Il est à noter que dans son processus d’attribution des fréquences 5G, l’Arcep exige que chaque opérateur offre une compatibilité IPv6.
Chaque internaute pourra vérifier de lui-même que sa connexion à Internet est accolée à une adresse IPv6 en validant, par exemple, qu’il peut se connecter au site ipv6.google.com.
Une Task-Force de l’Arcep pour secouer les mentalités en faveur d’IPv6
Pour inciter entreprises clientes, hébergeurs et opérateurs à passer à IPv6, l’Arcep, en partenariat avec Internet Society France, met en place une Task-Force, censée définir le plus simplement du monde les bonnes pratiques à suivre. Elle fait suite à des ateliers IPv6 organisés jusqu’à l’année dernière.
« L’objectif de la Task-Force est de fédérer les acteurs d’Internet autour des retours d’expérience afin de d’accélérer la transition vers IPv6, ne serait-ce que pour faire tomber la résistance au changement. Le scénario le plus probable est que nous convaincrons en premier les hébergeurs et les fournisseurs d’accès. », dit Samih Souissi.
Nicolas Guillaume voit d’un très bon œil cette initiative de l’Arcep : « Face à la pénurie d’adresses IPv4, les opérateurs ont tout à perdre à bricoler différentes ingénieries ; c’est mauvais pour la cohésion du marché. Il n’y a pas de bons ou mauvais élèves, mais une absence cruelle de coordination parmi les acteurs. Le manque d’anticipation depuis 20 ans est indéniable. »

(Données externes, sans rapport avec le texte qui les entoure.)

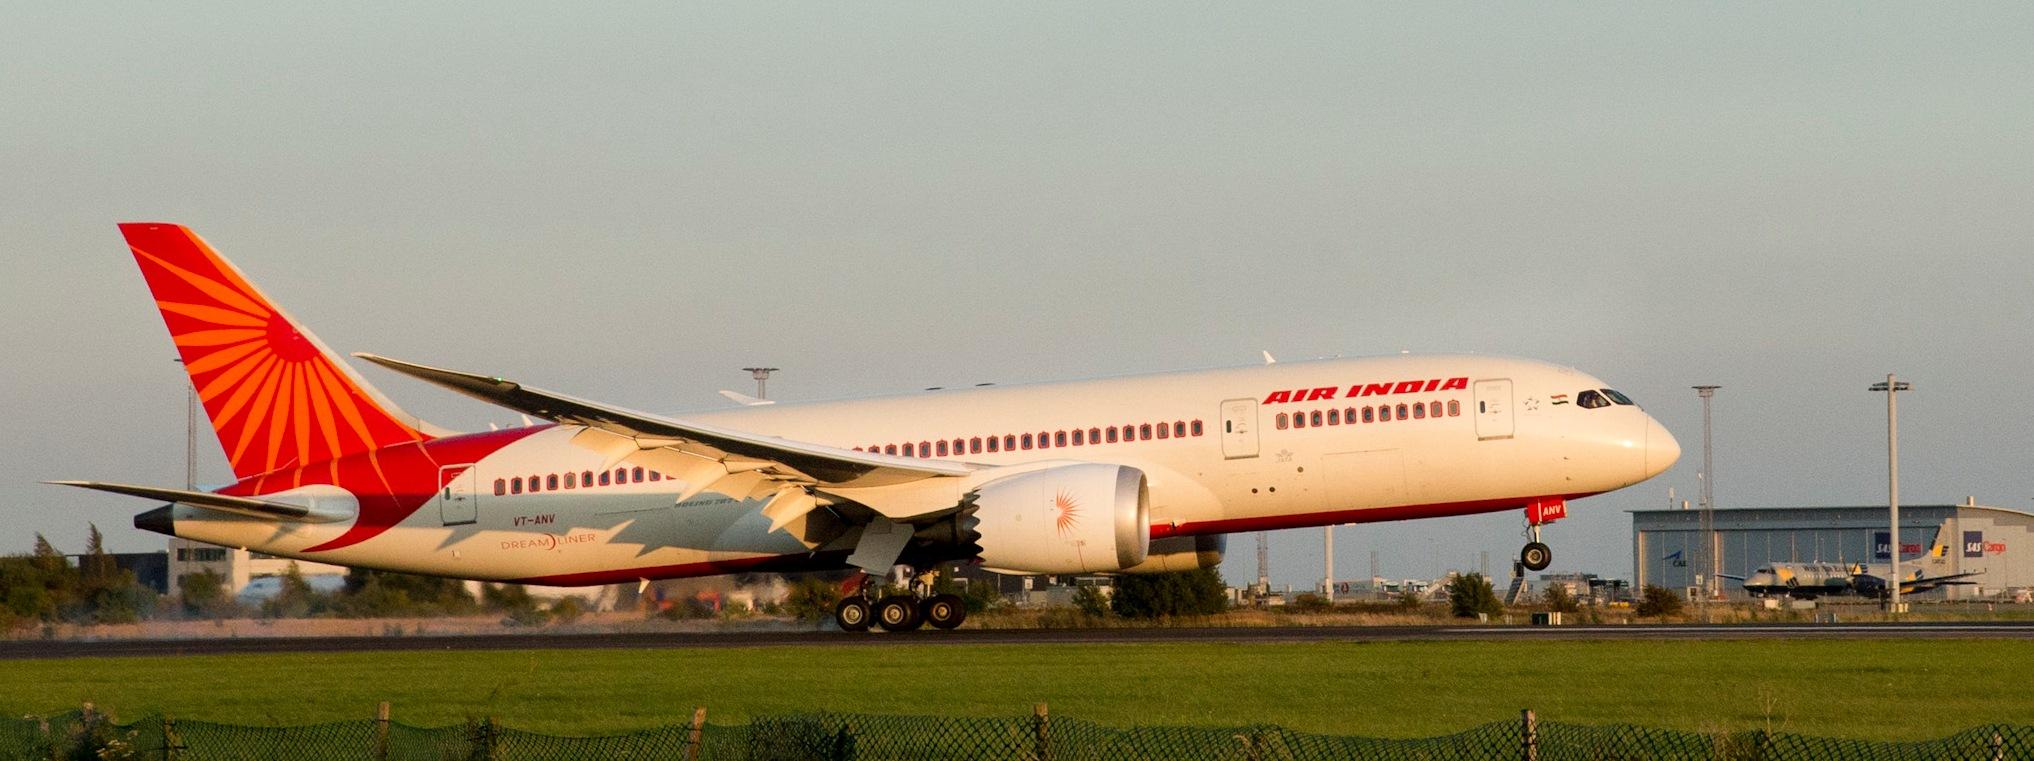 Økonomisk plagede Air India har omrokeret sine aftaler med GDS-systemerne. Star Alliance-medlemmet flyver blandt andet til Københavns Lufthavn, hvor det her lander. Foto: Københavns Lufthavn.

« Il faut revoir la manière de former les spécialistes des réseaux, faire tomber la nocivité de certains ayatollahs des réseaux qui empêchent de faire bouger les choses, voire prendre des décisions réglementaires fortes, quitte à froisser quelques gros opérateurs qui voient dans la pénurie d’adresses IPv4 l’opportunité de freiner les nouveaux entrants », conclut-il.